§ **THE TASK**
Your task is to transcribe all of the data below exactly, omitting the images.

§ **PROVIDED DATA**
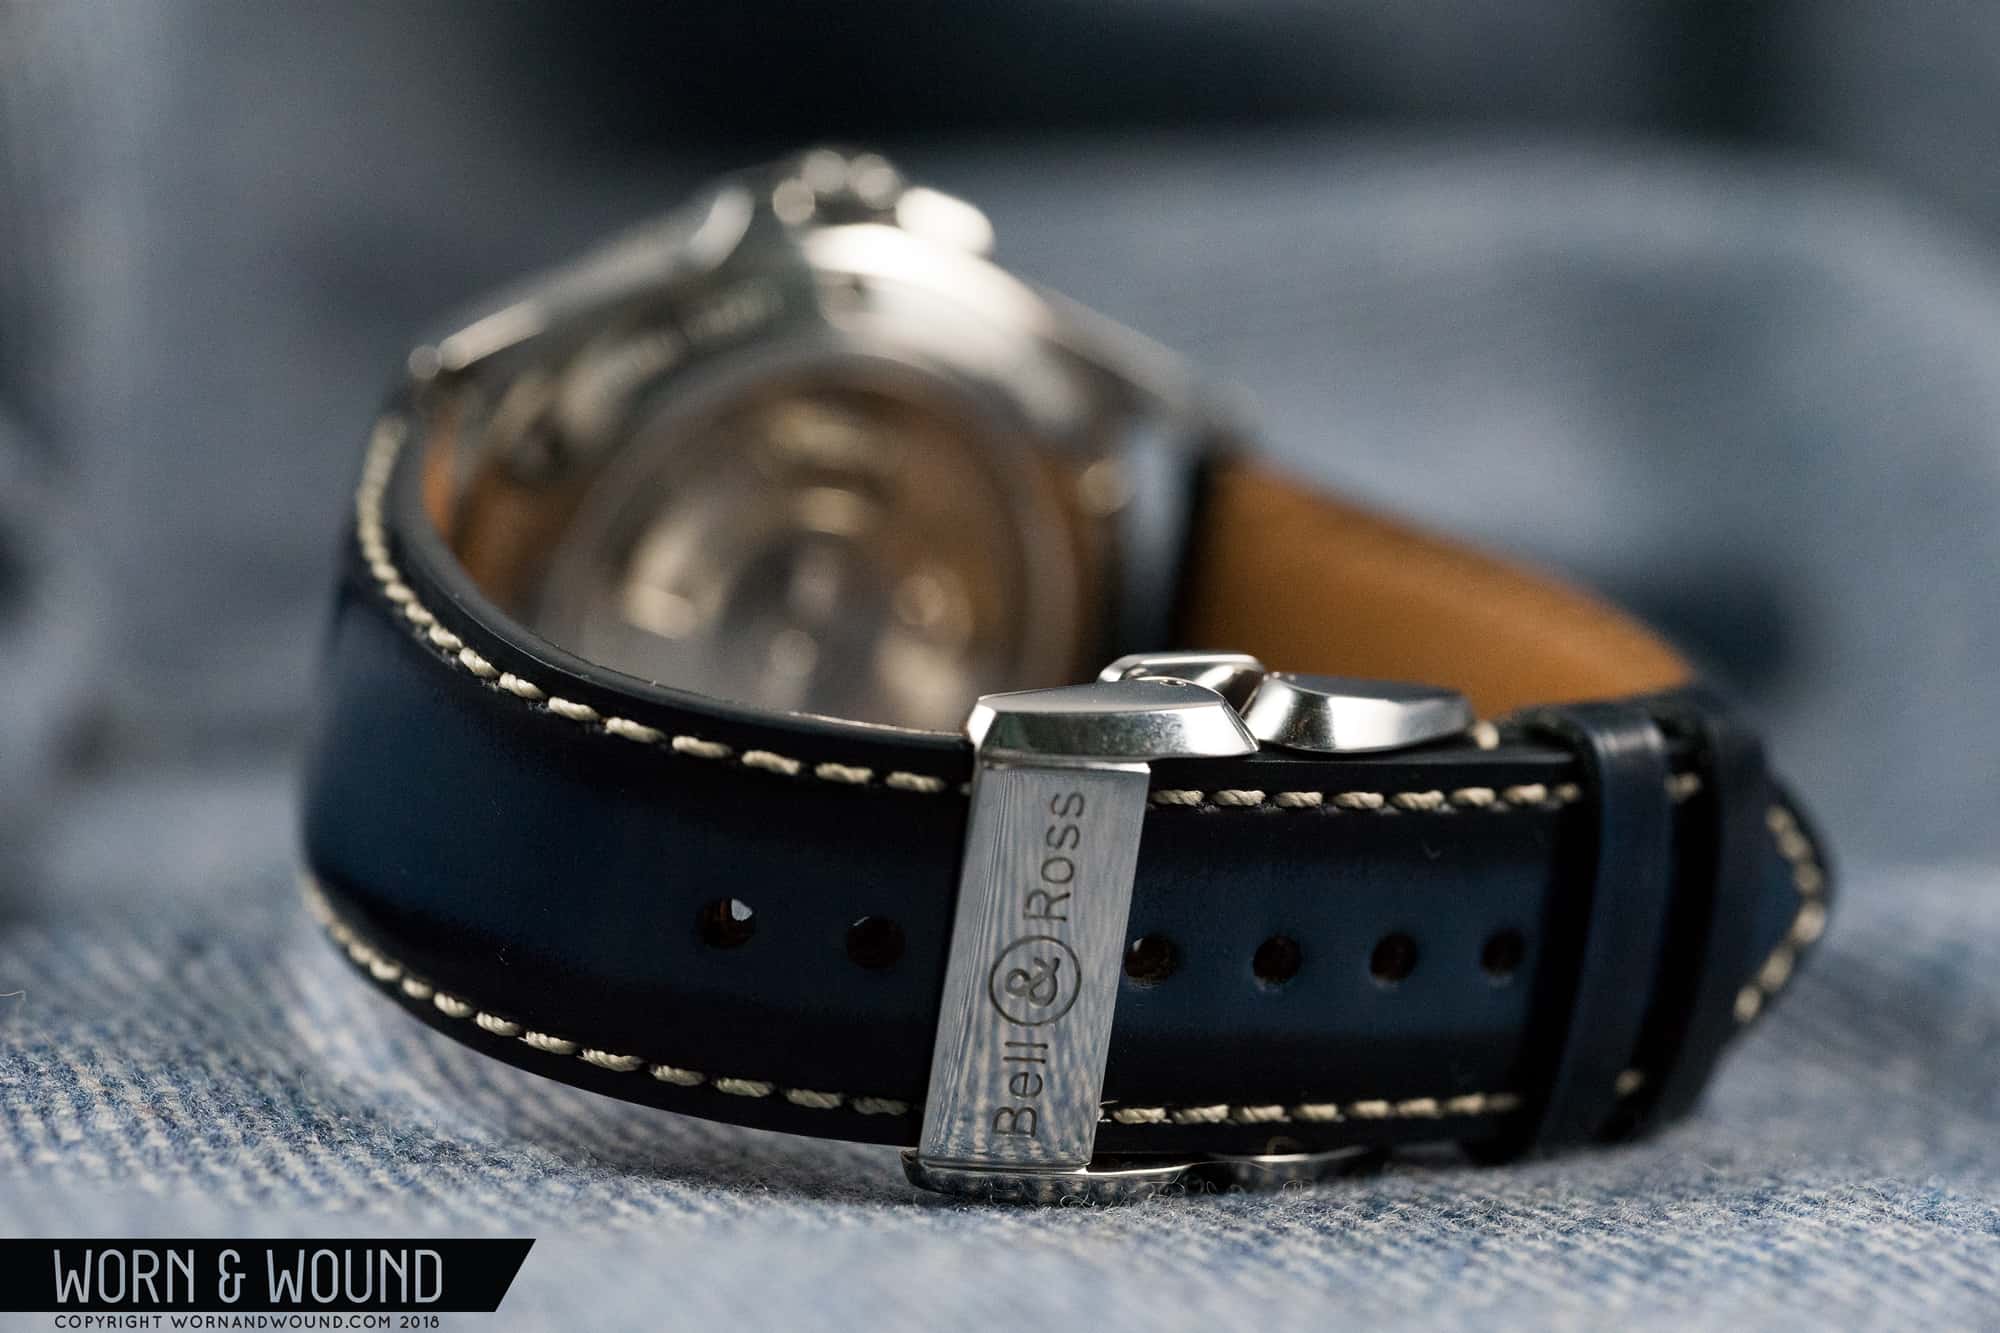 Review: Bell & Ross BR V2-92 Aeronavale - Worn & Wound
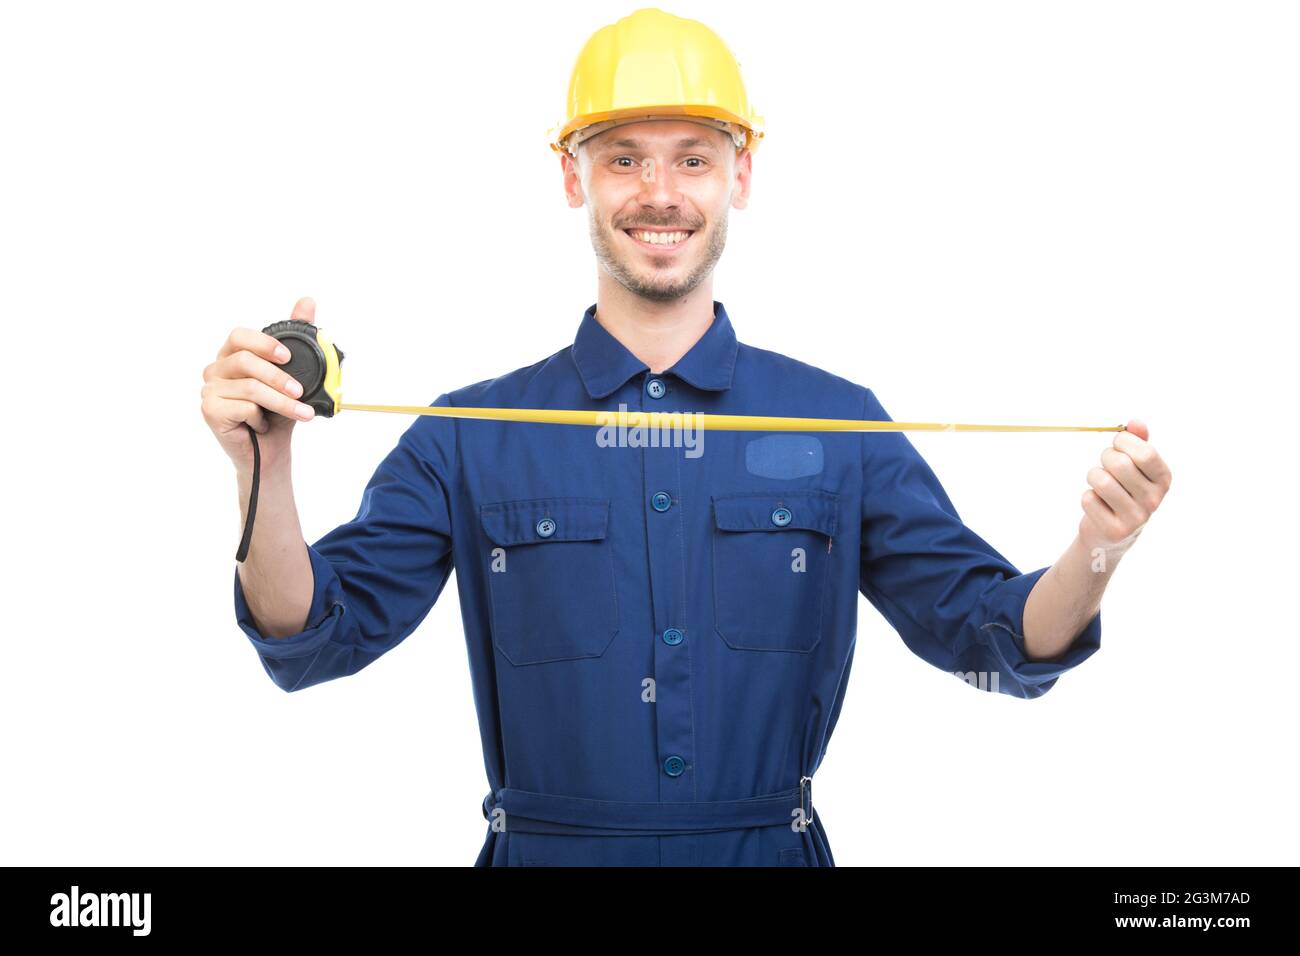 Horizontal portrait of successful handsome Caucasian construction engineer wearing uniform with hardhat measuring width or length of something Stock Photo
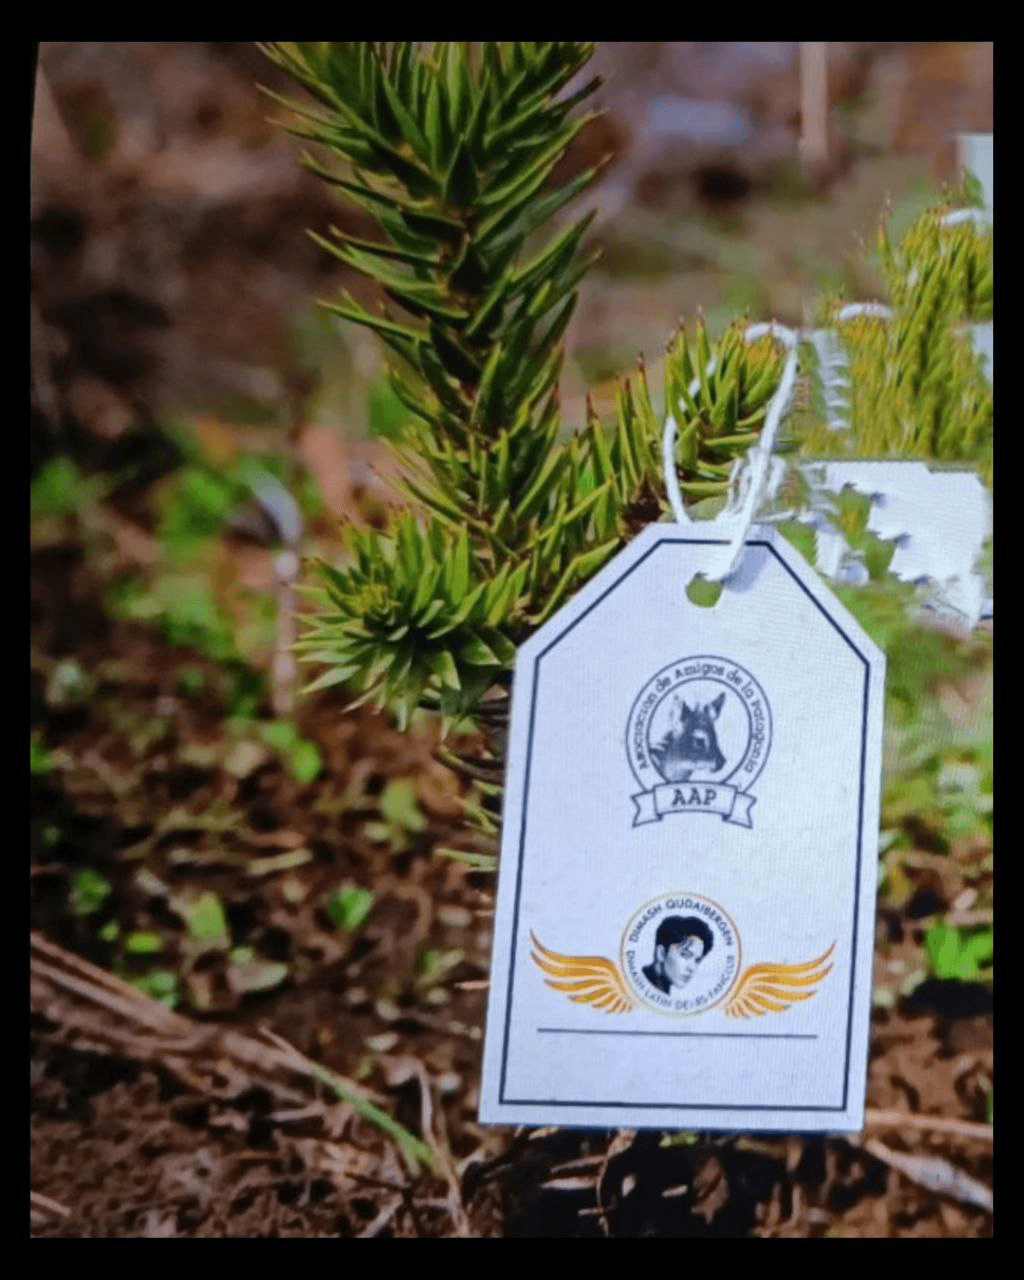 Dimash's fans planted 1000 trees in Argentina

§ **RESPONSE AREA**
 Review: Bell & Ross BR V2-92 Aeronavale - Worn & Wound
 Horizontal portrait of successful handsome Caucasian construction engineer wearing uniform with hardhat measuring width or length of something Stock Photo
 Dimash's fans planted 1000 trees in Argentina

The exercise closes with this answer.